-- Input data --

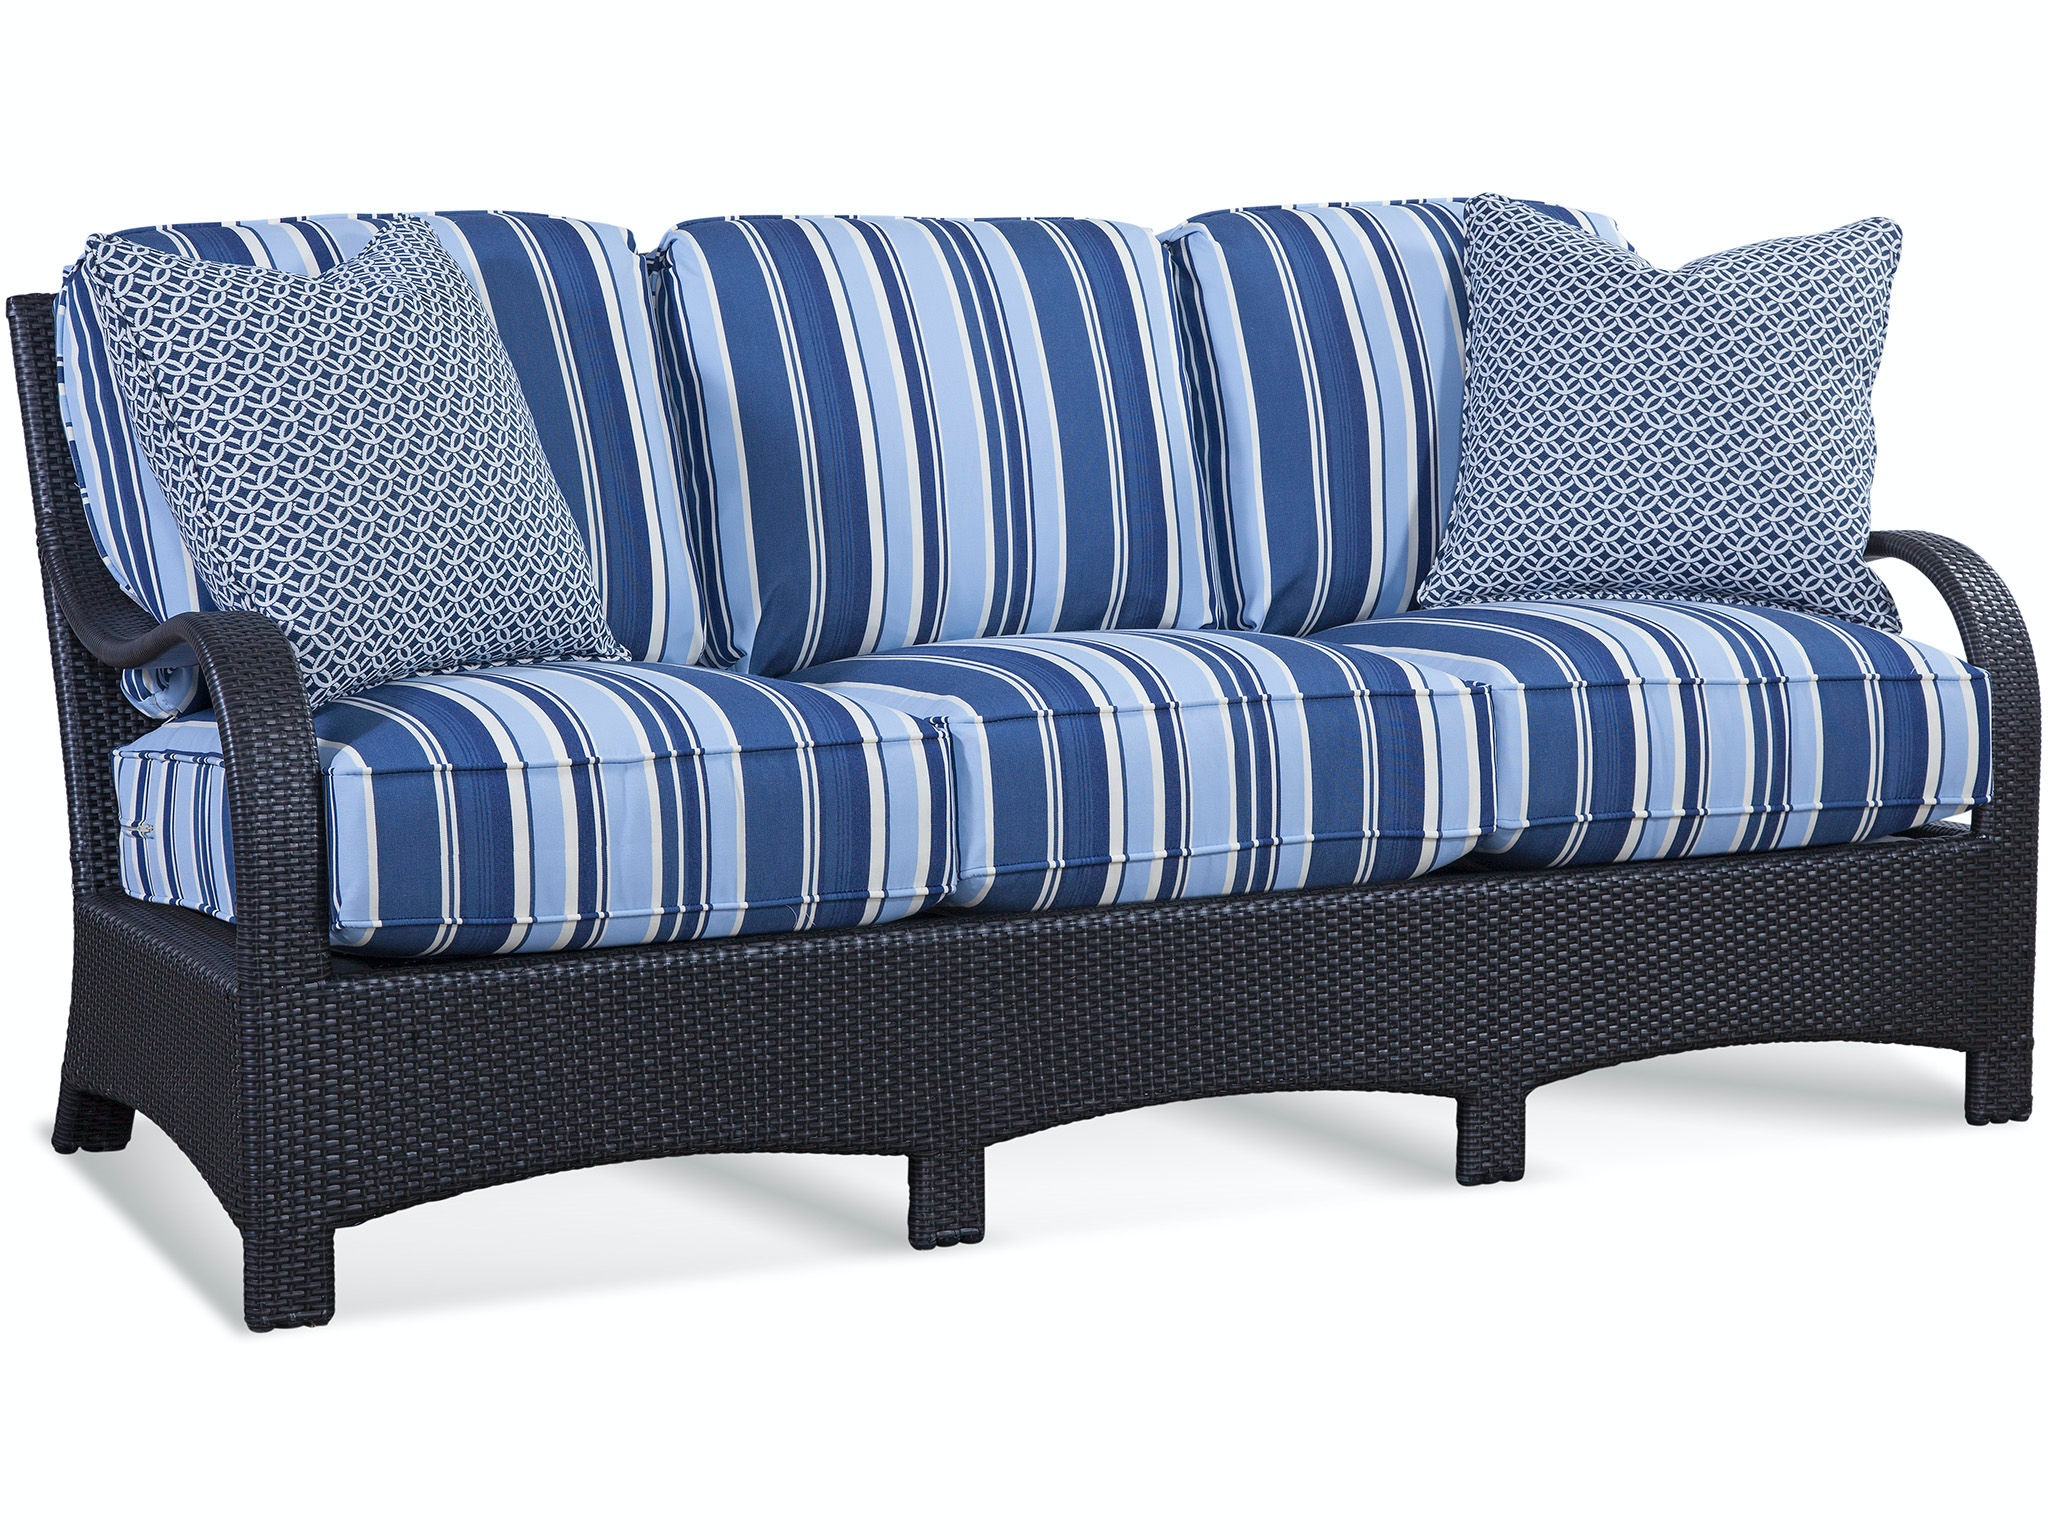 Braxton Culler OutdoorPatio Sofa 435 011 Custom Home
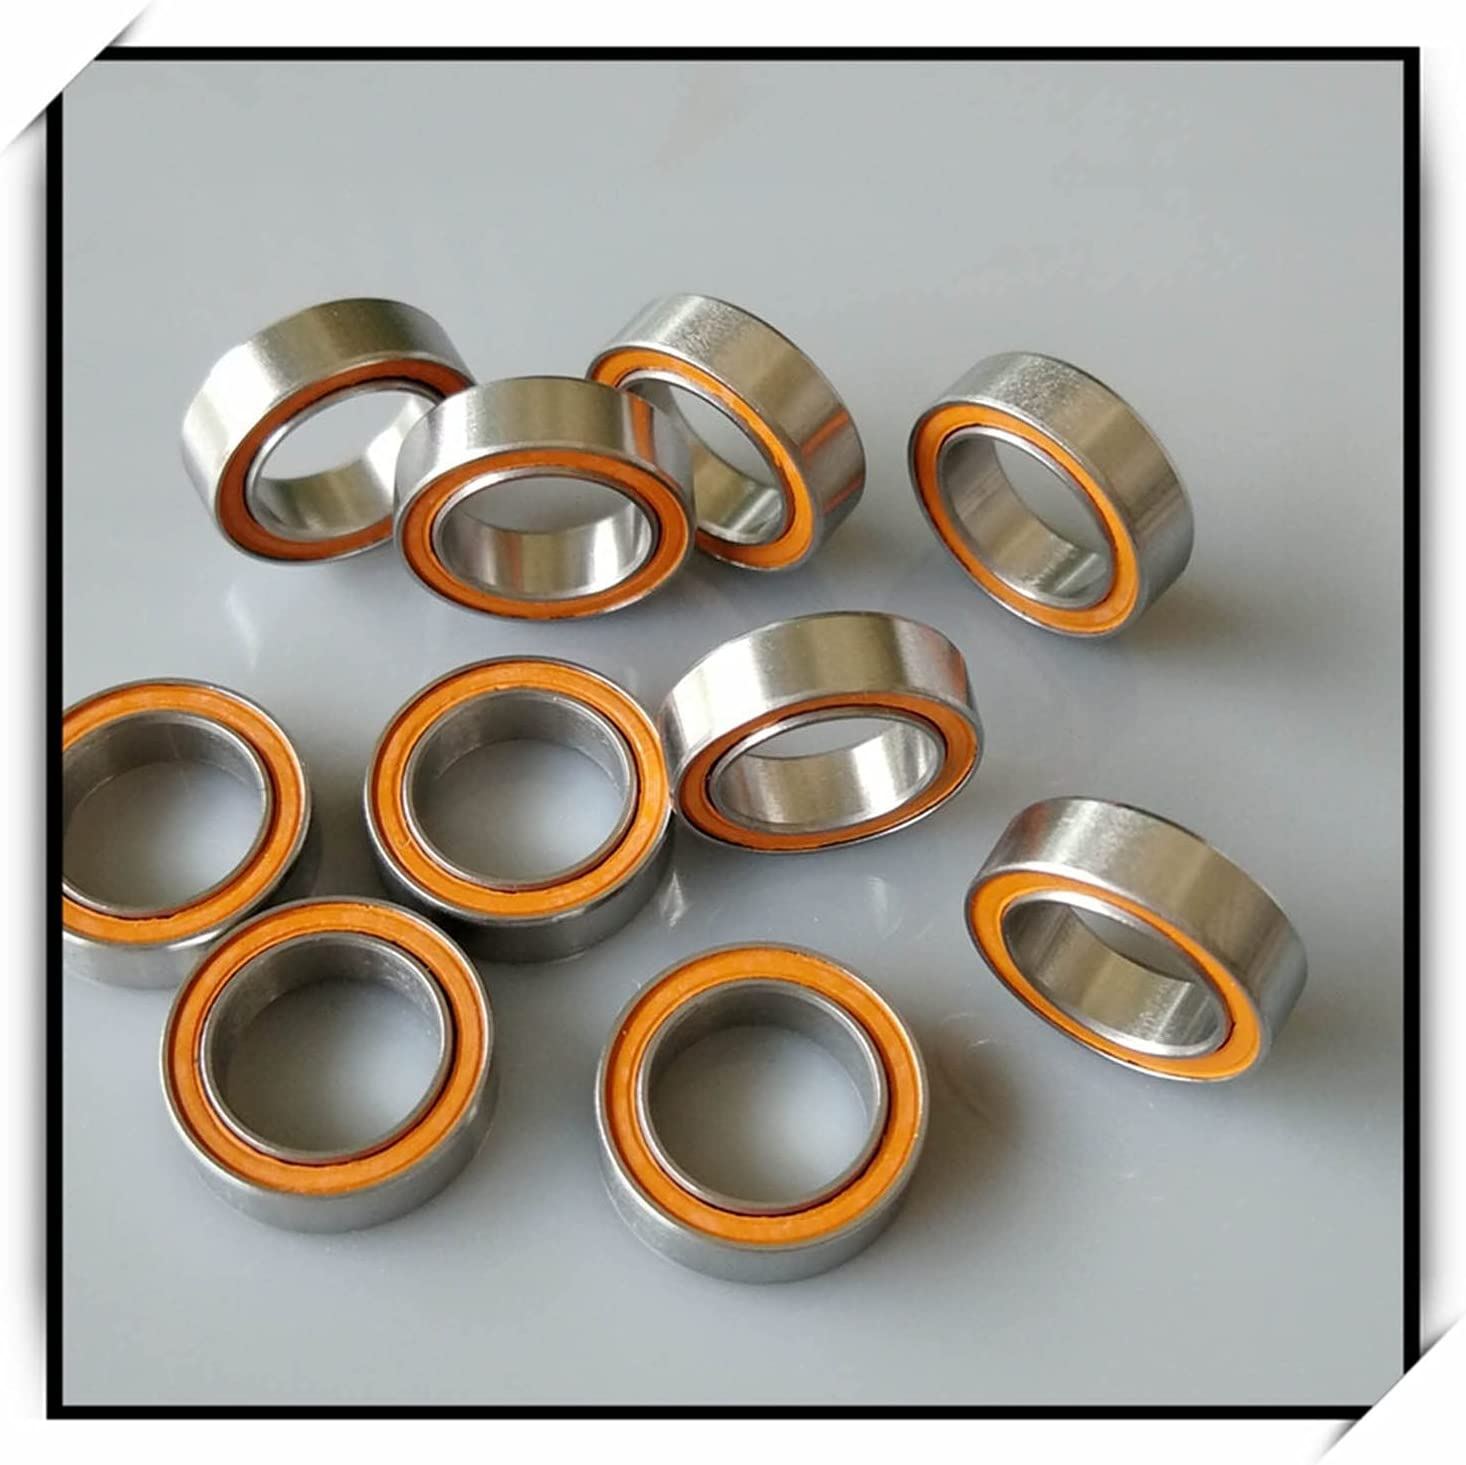 MING-BIN Bearing Tool Accessories Ceramic Lot Ultra-Cheap Deals 1Pcs Max 46% OFF 3Pcs
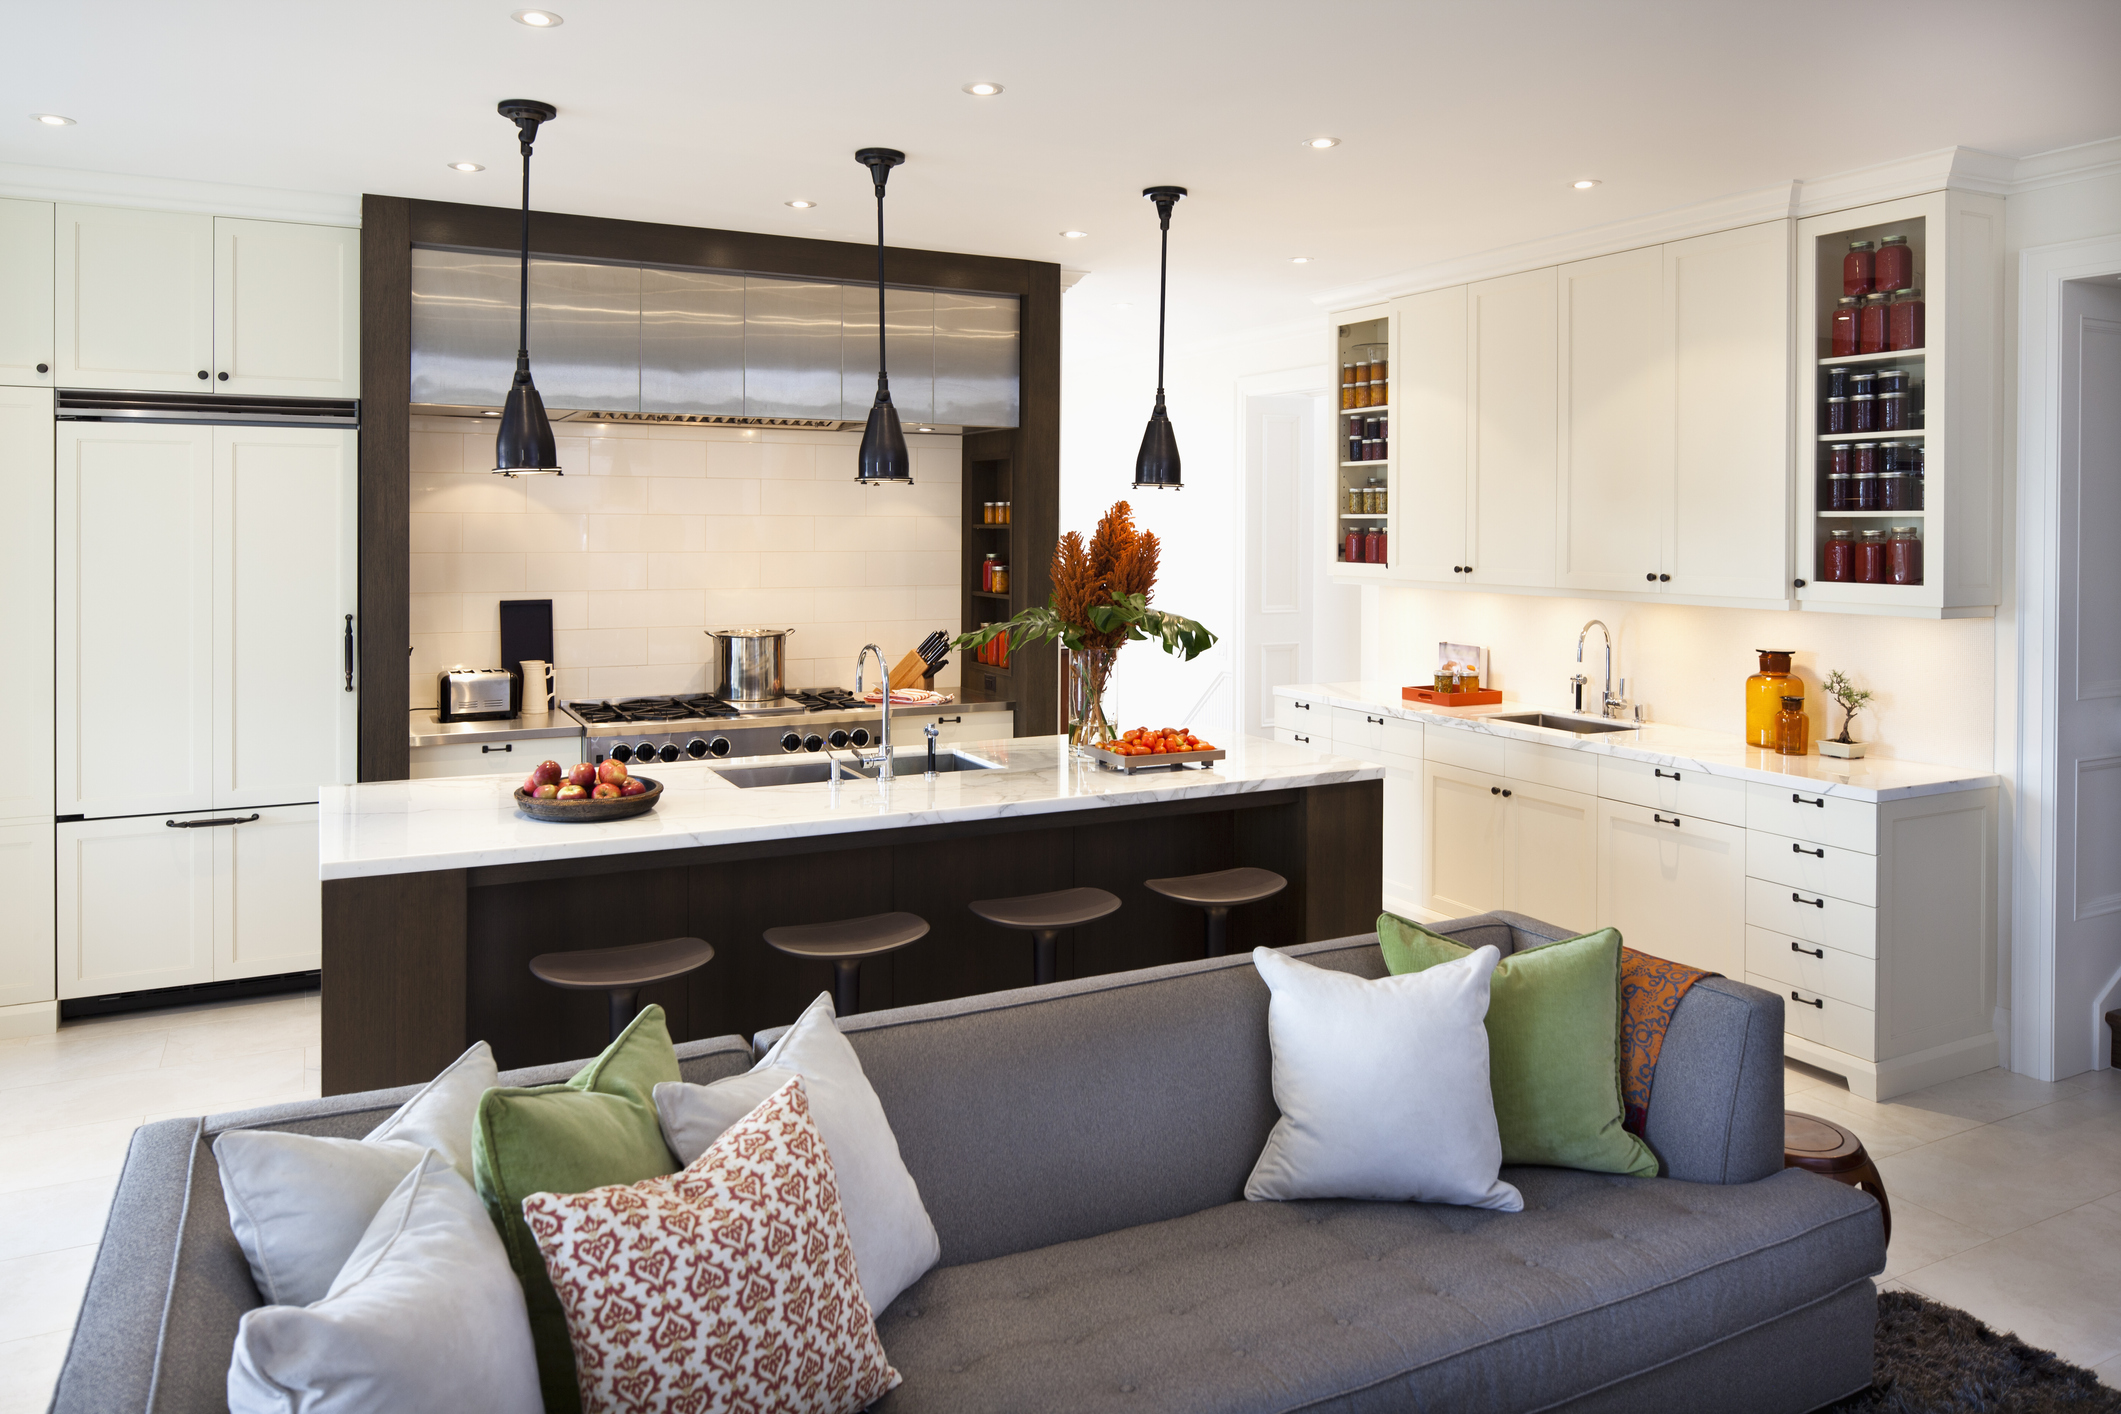 Modern-Kitchen-157677305_2122x1415.jpeg

-- Work to complete --
Where a picture appears, skip it and copy the rest of the data word for word.

-- Solution for this problem --
 Braxton Culler OutdoorPatio Sofa 435 011 Custom Home
 MING-BIN Bearing Tool Accessories Ceramic Lot Ultra-Cheap Deals 1Pcs Max 46% OFF 3Pcs
 Modern-Kitchen-157677305_2122x1415.jpeg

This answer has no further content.